- Exercise directions: From the line containing "LASU Academic Calendar" down to the last line of the listing, quote everything word for word, and nothing else, keeping pictures out.

- Supplied material:
____________
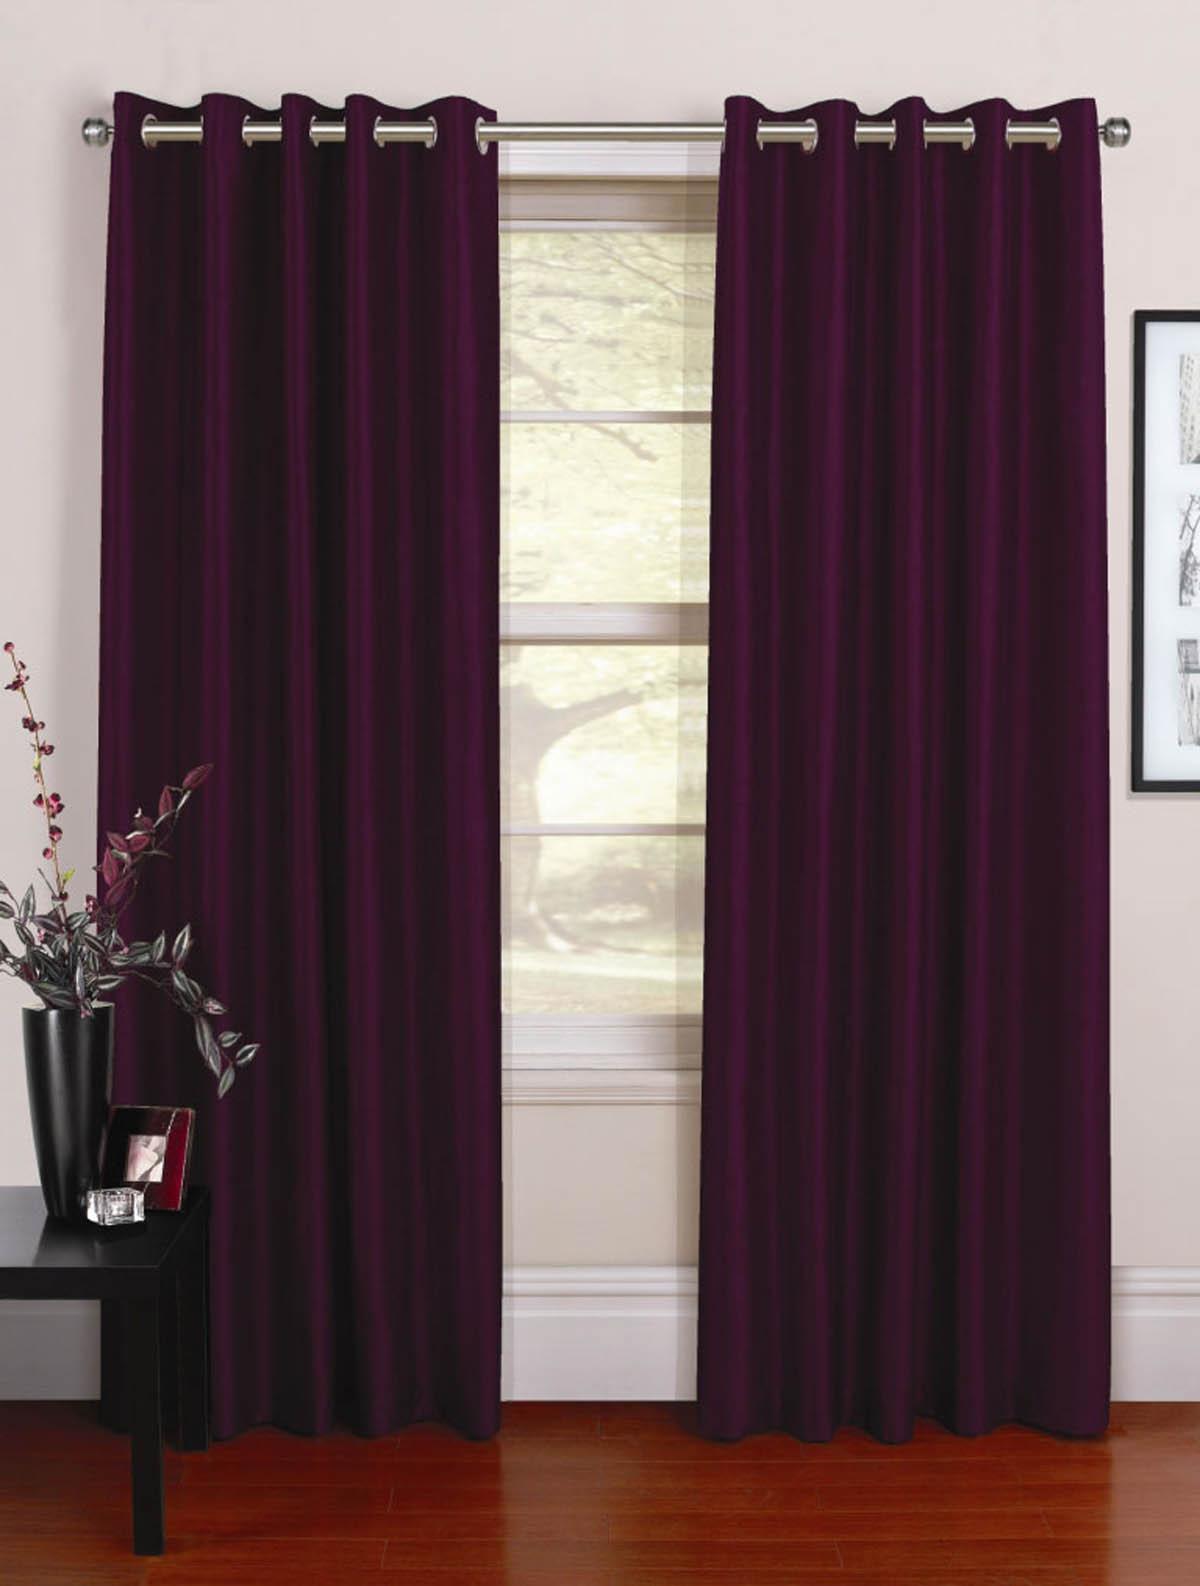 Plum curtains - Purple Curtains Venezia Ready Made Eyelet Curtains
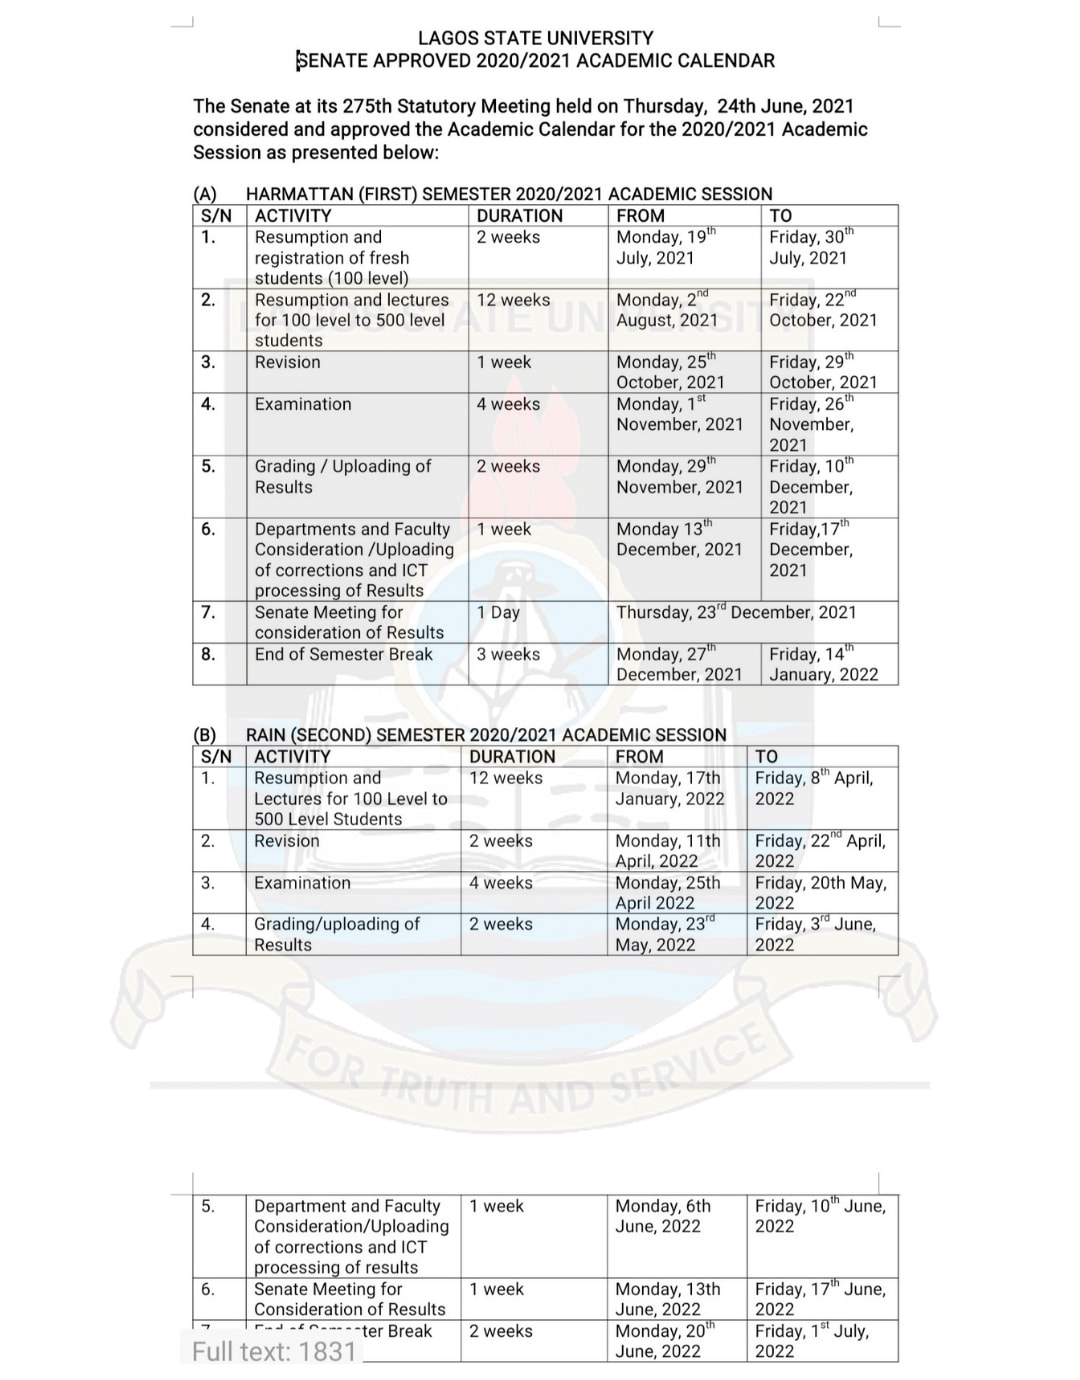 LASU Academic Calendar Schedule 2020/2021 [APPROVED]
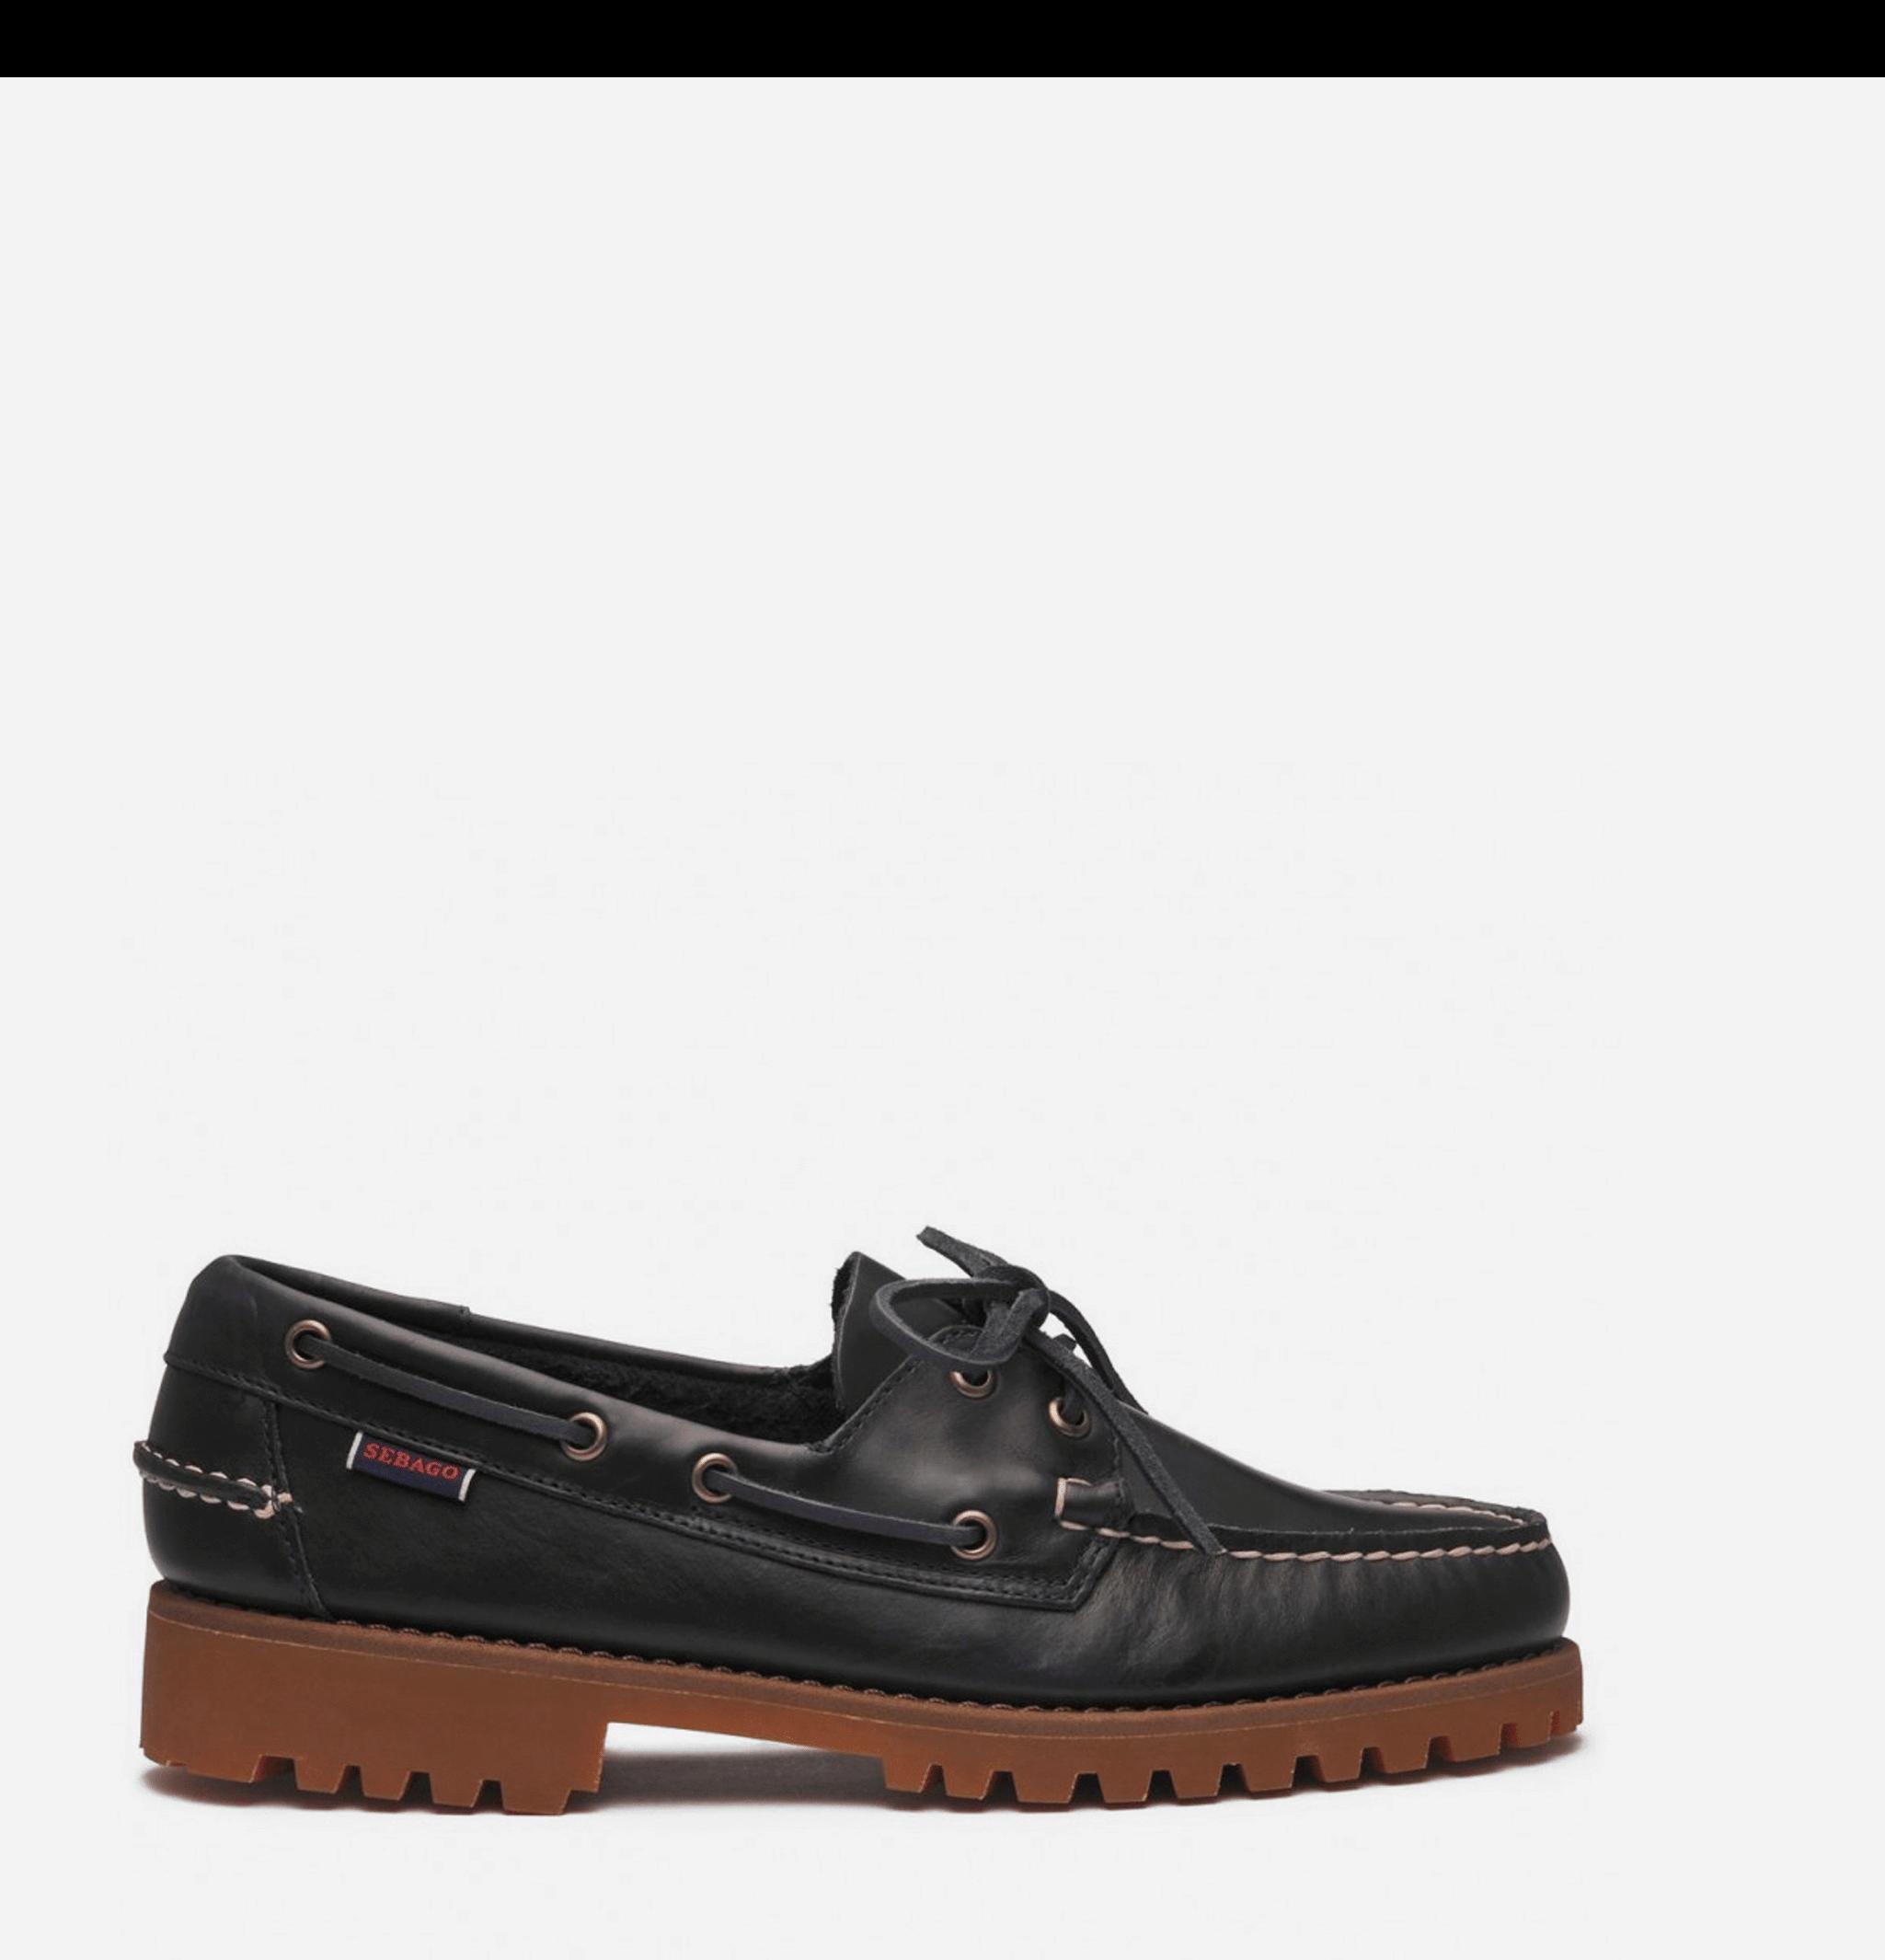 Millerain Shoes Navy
____________
- Task response:
 LASU Academic Calendar Schedule 2020/2021 [APPROVED]
 Millerain Shoes Navy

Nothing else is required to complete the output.